• Goal of the exercise: Your response should consist of the data that follows, repeated in full without alteration.

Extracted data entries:
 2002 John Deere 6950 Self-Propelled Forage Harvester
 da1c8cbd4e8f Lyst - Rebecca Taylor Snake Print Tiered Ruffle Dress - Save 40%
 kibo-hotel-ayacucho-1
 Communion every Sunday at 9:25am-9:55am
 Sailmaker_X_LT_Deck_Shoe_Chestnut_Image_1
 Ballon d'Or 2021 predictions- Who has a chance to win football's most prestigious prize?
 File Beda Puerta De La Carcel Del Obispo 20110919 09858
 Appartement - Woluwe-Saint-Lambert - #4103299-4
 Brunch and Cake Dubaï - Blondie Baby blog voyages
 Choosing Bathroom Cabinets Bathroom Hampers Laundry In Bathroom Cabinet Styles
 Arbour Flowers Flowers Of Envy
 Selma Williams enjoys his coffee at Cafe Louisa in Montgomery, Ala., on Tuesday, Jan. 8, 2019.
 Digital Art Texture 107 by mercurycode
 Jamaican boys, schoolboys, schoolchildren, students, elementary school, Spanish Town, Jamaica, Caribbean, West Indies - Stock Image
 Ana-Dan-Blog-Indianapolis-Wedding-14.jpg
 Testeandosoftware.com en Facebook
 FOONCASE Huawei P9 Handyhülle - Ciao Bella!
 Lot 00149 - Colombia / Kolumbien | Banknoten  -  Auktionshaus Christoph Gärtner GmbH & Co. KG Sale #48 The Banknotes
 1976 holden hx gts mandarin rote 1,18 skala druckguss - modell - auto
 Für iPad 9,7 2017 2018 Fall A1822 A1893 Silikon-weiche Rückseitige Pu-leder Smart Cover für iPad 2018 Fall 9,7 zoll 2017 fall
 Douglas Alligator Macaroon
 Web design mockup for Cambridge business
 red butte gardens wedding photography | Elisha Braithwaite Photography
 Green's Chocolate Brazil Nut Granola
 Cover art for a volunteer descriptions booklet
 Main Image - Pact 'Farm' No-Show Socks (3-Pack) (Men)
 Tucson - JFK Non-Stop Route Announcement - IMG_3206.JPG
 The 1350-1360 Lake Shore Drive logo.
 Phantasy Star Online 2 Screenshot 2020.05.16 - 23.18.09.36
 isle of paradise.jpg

• Reply to the task:
 2002 John Deere 6950 Self-Propelled Forage Harvester
 da1c8cbd4e8f Lyst - Rebecca Taylor Snake Print Tiered Ruffle Dress - Save 40%
 kibo-hotel-ayacucho-1
 Communion every Sunday at 9:25am-9:55am
 Sailmaker_X_LT_Deck_Shoe_Chestnut_Image_1
 Ballon d'Or 2021 predictions- Who has a chance to win football's most prestigious prize?
 File Beda Puerta De La Carcel Del Obispo 20110919 09858
 Appartement - Woluwe-Saint-Lambert - #4103299-4
 Brunch and Cake Dubaï - Blondie Baby blog voyages
 Choosing Bathroom Cabinets Bathroom Hampers Laundry In Bathroom Cabinet Styles
 Arbour Flowers Flowers Of Envy
 Selma Williams enjoys his coffee at Cafe Louisa in Montgomery, Ala., on Tuesday, Jan. 8, 2019.
 Digital Art Texture 107 by mercurycode
 Jamaican boys, schoolboys, schoolchildren, students, elementary school, Spanish Town, Jamaica, Caribbean, West Indies - Stock Image
 Ana-Dan-Blog-Indianapolis-Wedding-14.jpg
 Testeandosoftware.com en Facebook
 FOONCASE Huawei P9 Handyhülle - Ciao Bella!
 Lot 00149 - Colombia / Kolumbien | Banknoten  -  Auktionshaus Christoph Gärtner GmbH & Co. KG Sale #48 The Banknotes
 1976 holden hx gts mandarin rote 1,18 skala druckguss - modell - auto
 Für iPad 9,7 2017 2018 Fall A1822 A1893 Silikon-weiche Rückseitige Pu-leder Smart Cover für iPad 2018 Fall 9,7 zoll 2017 fall
 Douglas Alligator Macaroon
 Web design mockup for Cambridge business
 red butte gardens wedding photography | Elisha Braithwaite Photography
 Green's Chocolate Brazil Nut Granola
 Cover art for a volunteer descriptions booklet
 Main Image - Pact 'Farm' No-Show Socks (3-Pack) (Men)
 Tucson - JFK Non-Stop Route Announcement - IMG_3206.JPG
 The 1350-1360 Lake Shore Drive logo.
 Phantasy Star Online 2 Screenshot 2020.05.16 - 23.18.09.36
 isle of paradise.jpg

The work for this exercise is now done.